Figure Legends:
Figure 1:  PN and WN VBPaments adopt a common α-hairpin structure despite low sequence identity. A) NMR structures of J2LS and A1LS VBPs. Cartoon figures depict representative conformations of each structure. Inter-helix disulfides shown as sticks and highlighted in yellow. Complete NMR data tables are available in <blank>. B) Schematic view illustrating the disulfide bonding pattern for all three fragments. Trypsin cut sites identified by Downs et. al.  are indicated by the yellow arrows.  C) Identity matrix for the amino acid sequence of the VBPs.
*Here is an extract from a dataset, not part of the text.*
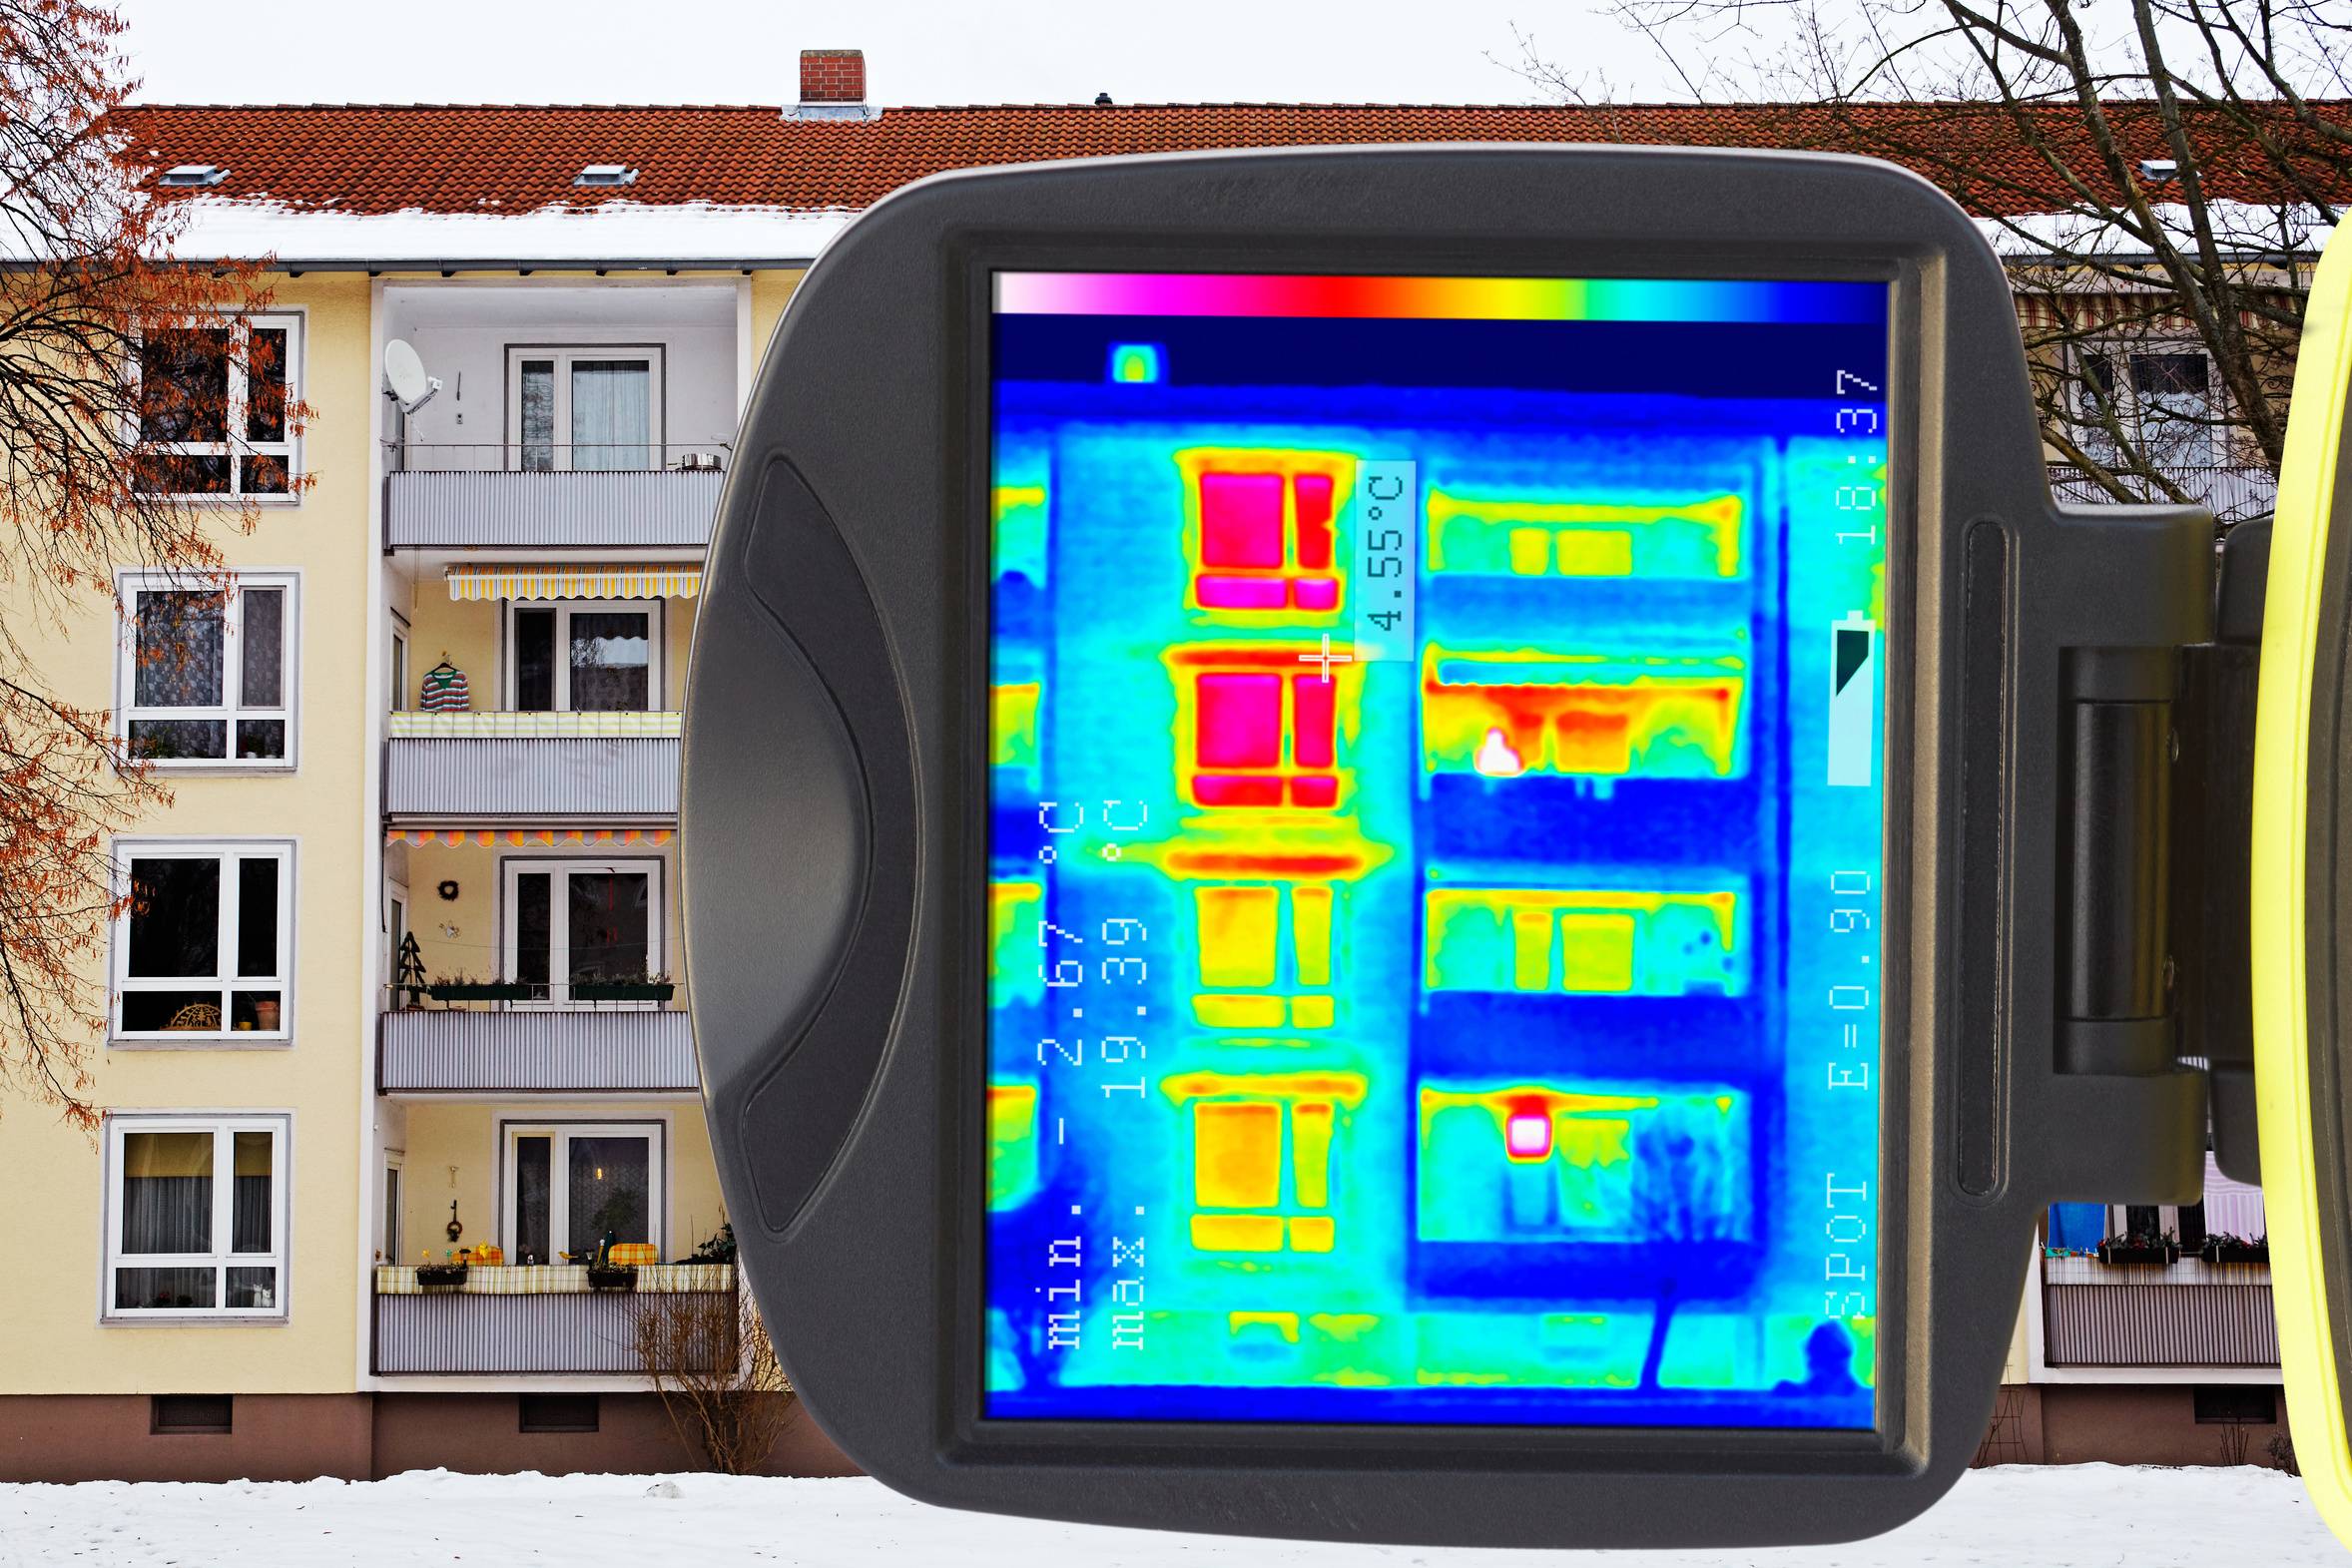 Изучаем прибор: для чего нужен, и как работает тепловизор для обследования зданий и сооружений

Figure 2:  Potential PN cross-reactive regions on A1LS. A) Sequence of A1LS used in the peptide microarray analysis. Residues depicted in the solution-NMR structures are shown in capital letters. Residues from the expression system used to generate the NMR samples but are not present in the peptide microarrays are denoted with brackets. Residues highlighted in blue represent alpha-helices identified in the available NMR structures. Epitopes identified by Burks et. al are indicated in grey rectangles, whereas cross-reactive peptides identified are indicated by coloured rectangles. AEP cut site is indicated by the grey arrow. B) Structure of A1LS coloured by surface similarity (dSIM) values against J2.1, J2.2, and J2.3 as calculated using the SPADE surface comparison algorithm. Total dSIM (Σ[ΔSIM] ) for all residues is indicated. C) IgE-reactive peptides mapped onto the structure of A1LS. Peptides colour-coded as in (A).
Figure 3:  Potential PN cross-reactive regions on J2LS.A) Structure of J2.1, J2.2, and J2.3 coloured by surface similarity (dSIM) values against A1LS as calculated using the SPADE surface comparison algorithm. Total dSIM (Σ[ΔSIM] ) for all residues is indicated. B) Sequence of J2LS, showing the three repeat areas (Nesbit 2020), with helical areas highlighted in blue, residues used to obtain the 31 mer consensus sequence underlined, and the central 13mer consensus in bold letters. Residues included in the solution-NMR structures are capitalized; those included in the NMRsamples but not present in the peptide microarrays are denoted in parentheses. Epitopes identified by Maleki et. al 2011 are indicated in grey rectangles, with cross-reactive peptides identified in this study (Fig. 4B) shown in coloured rectangles labeled JR5-JR9. The AEP cut site is indicated by the grey arrow. C) IgE-reactive peptides mapped onto the structure of J2.1, J2.2, and J2.3. Peptides colour-coded as in (A). For the sake of simplicity, only JR6-JR9 are shown.
Figure 4: Comparison of IgE binding to the A1LS and J2LS among walnut (WN), peanut (PN), and dual allergic (PW) patients by microarray analysis . A) Modified z values were calculated from the microarray median signal-to-noise ratios (SNRs) and were used to determine the percentage of IgE binding within an amino acid range (shown in 2nd column) for each allergy group. B) The percentage of patients which bind IgE to peptides and major epitopes of A1LS and J2.1 and J2.2 is shown. A major epitope was identified as a peptide where 50% or more of the P, W or PW patients exhibited a positive binding event (z value of 3 or greater) for that peptide. The epitopes marked with an asterisk were recognized by all three allergy groups. The shared regions of overlapping peptides are underlined. Average z values are given as low (3 – 6), medium (6.1 – 9) and high (>9 and in red text). Amino acid composition is shown as percentage of hydrophobic (H), acidic (A), basic (B) or neutral (N) amino acids in the peptide sequence.
Figure 5: Property distance (PD)-graph showing the interrelatedness of the IgE binding epitopes of the LS to those of the 2S albumins of peanuts and tree nuts. The sequences of the LS peptides identified as IgE binding in this study (Figure 4B) are similar in their similar PCPs to the consensus and previously identified epitopes from PN and TN 2S albumins. The PD graph is the graphical depiction of the most similar sequences, which are connected by blue lines, and the lines descrease in intensity and width with increasing PD (lower similarity). Note that the previously determined PCP-consensus sequences (Nesbit et al. 2020) lie in the middle of the graph, and that the LS IgE reactive peptides show similarity to the 2S albumins.